#### DATA EXCERPT:
────────────────

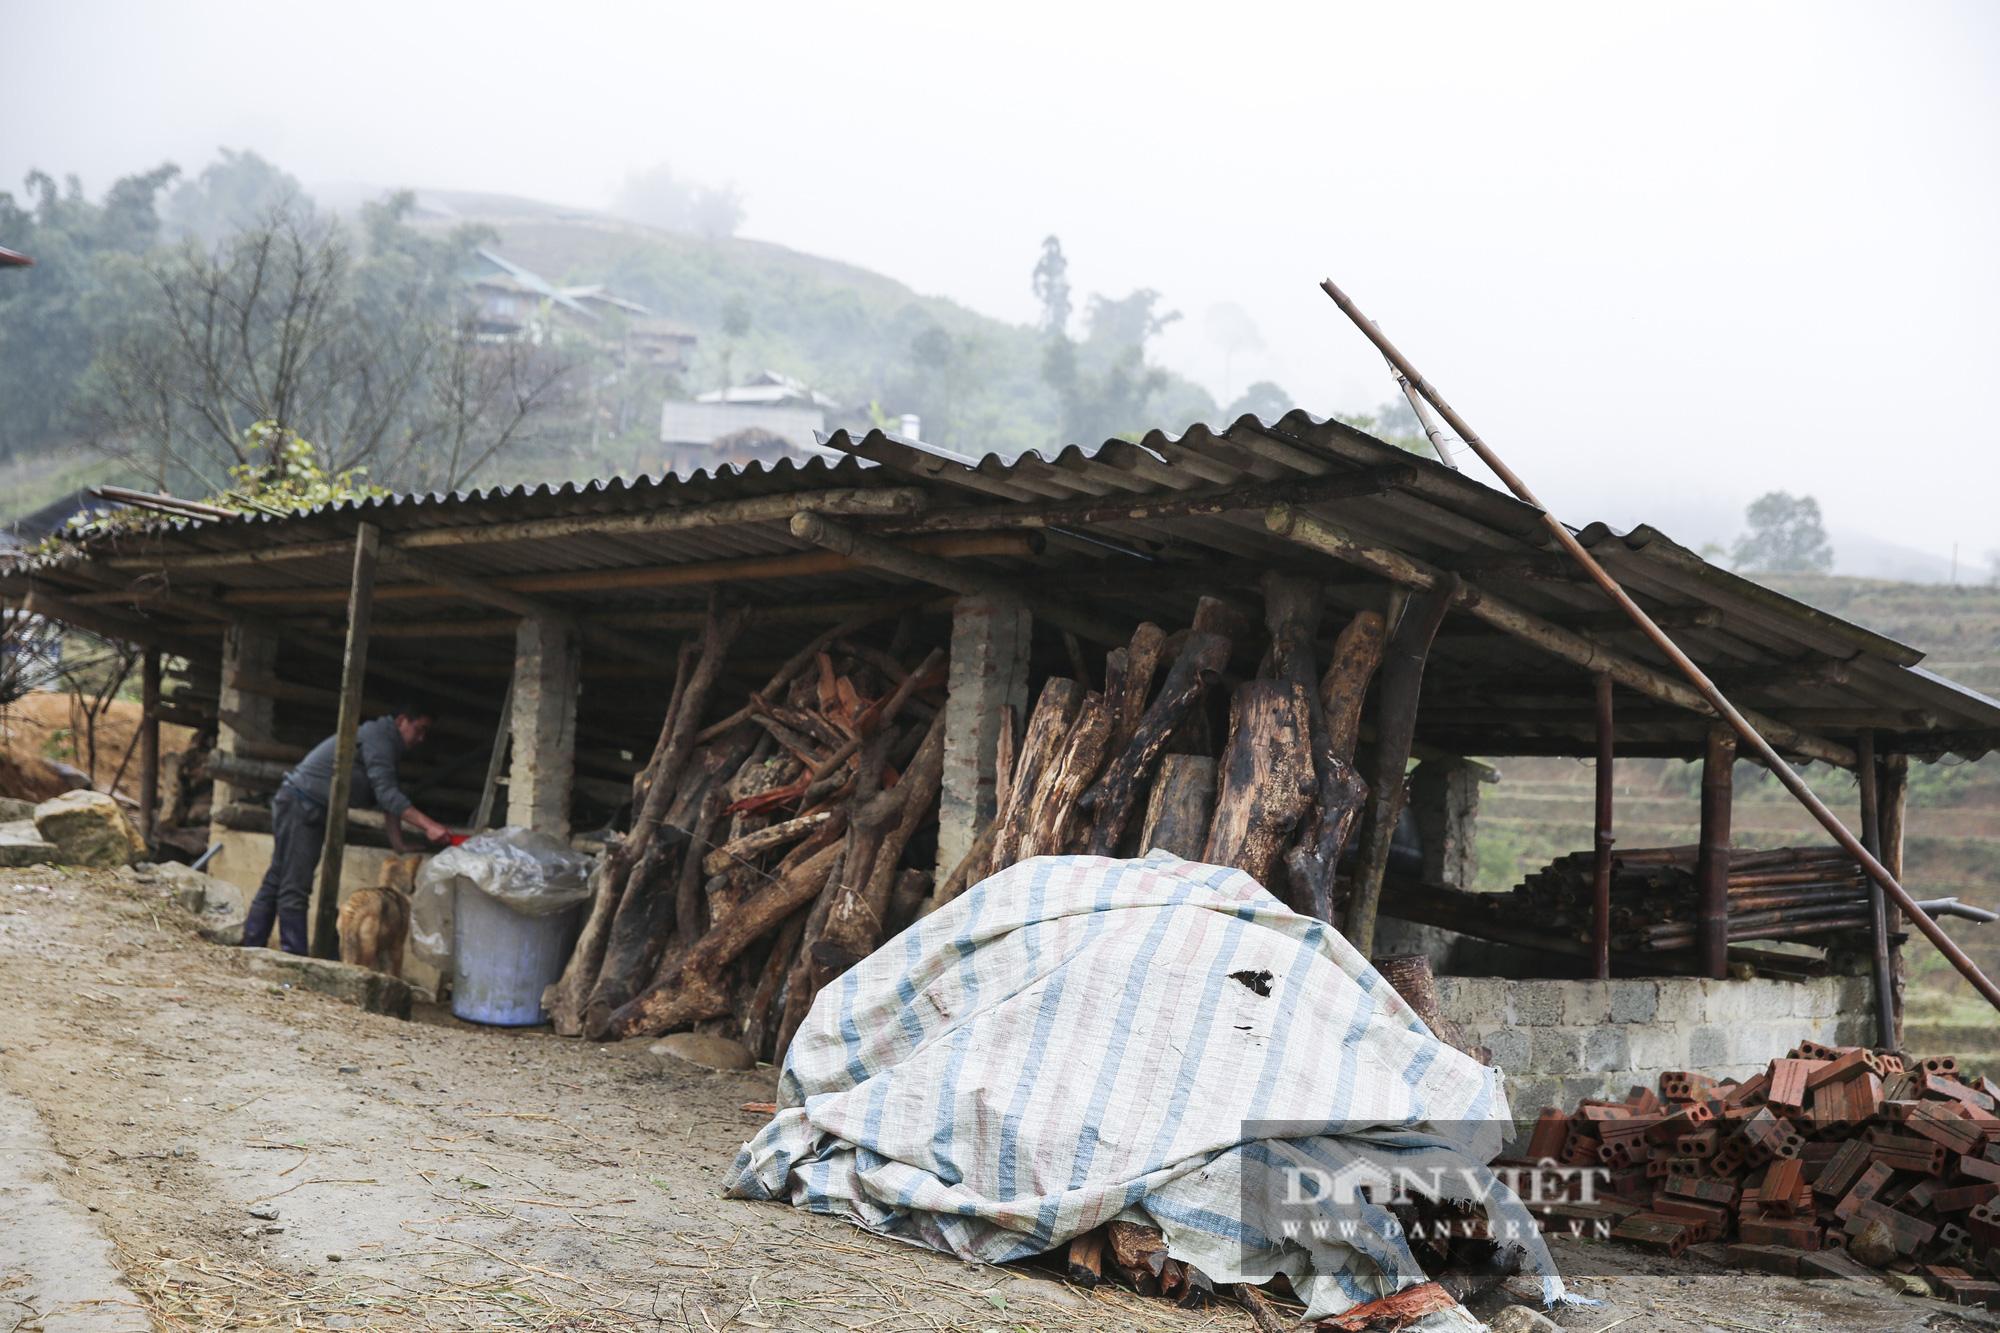 """Nông dân Sa Pa """"căng mình"""" bảo vệ cây trồng, vật nuôi trước nguy cơ xuất hiện mưa tuyết - Ảnh 13."""
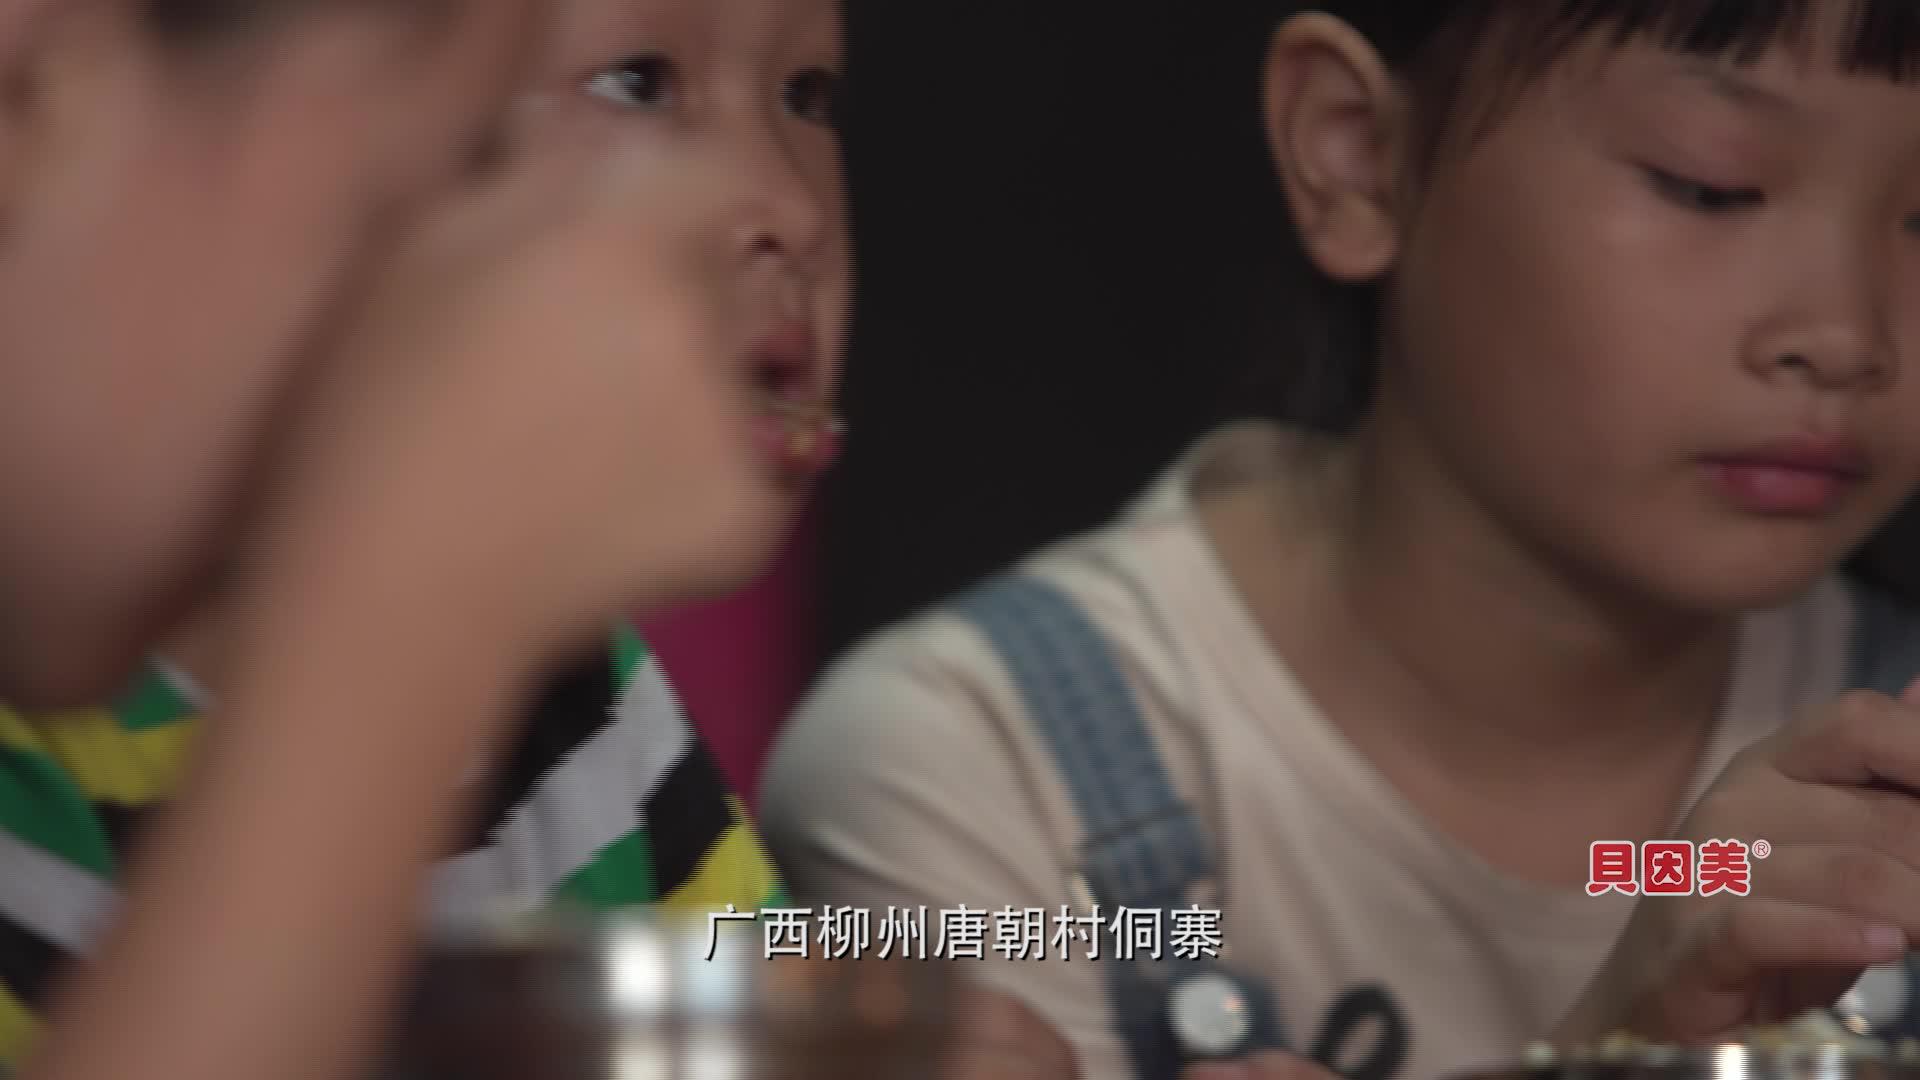 行动者系列视频《梯田之上》
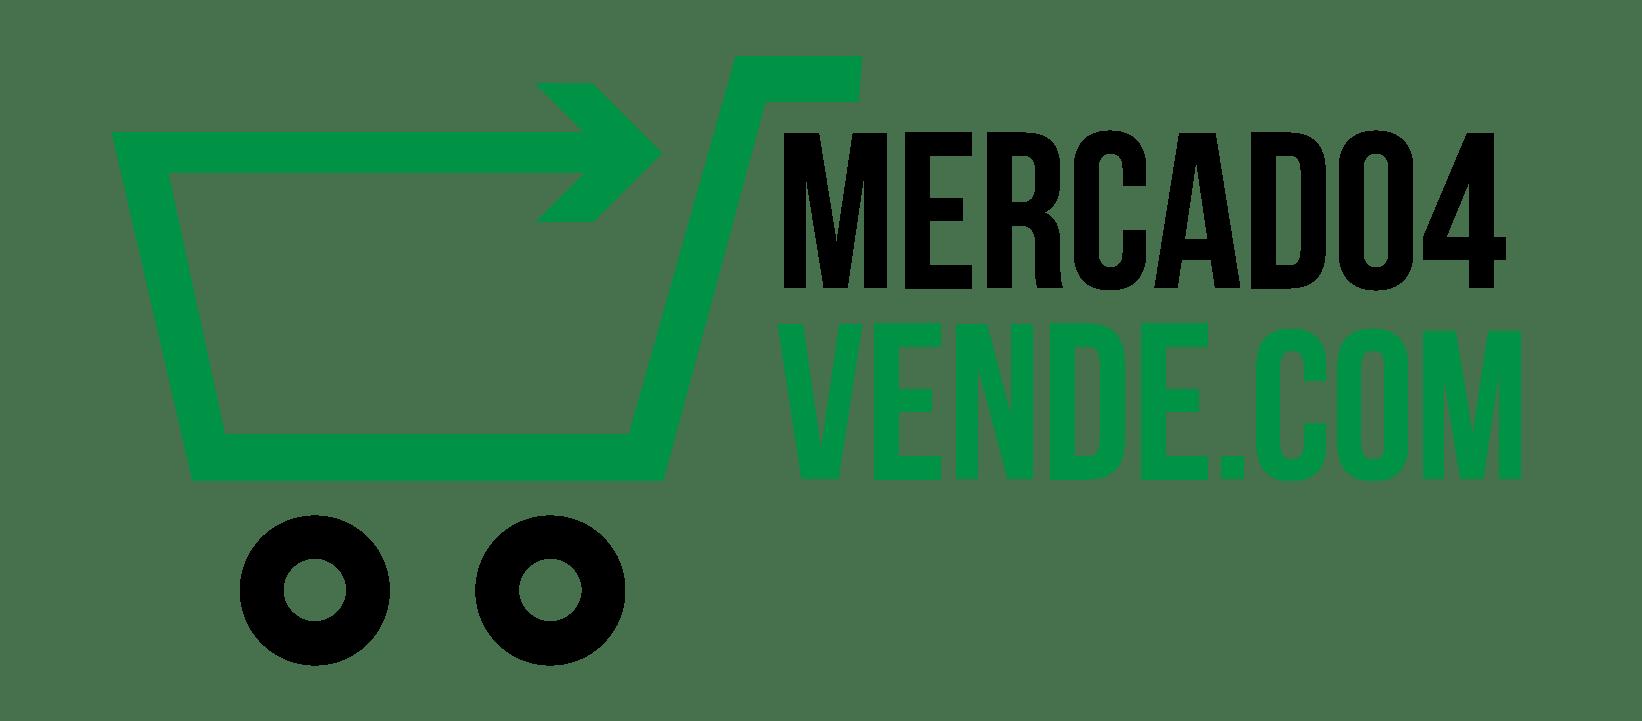 Mercado4Vende

────────────────

#### WORK ORDER:
Images in the data above are to be skipped. Retype all other material exactly.

#### FINAL ANSWER:
 """Nông dân Sa Pa """"căng mình"""" bảo vệ cây trồng, vật nuôi trước nguy cơ xuất hiện mưa tuyết - Ảnh 13."""
 行动者系列视频《梯田之上》
 Mercado4Vende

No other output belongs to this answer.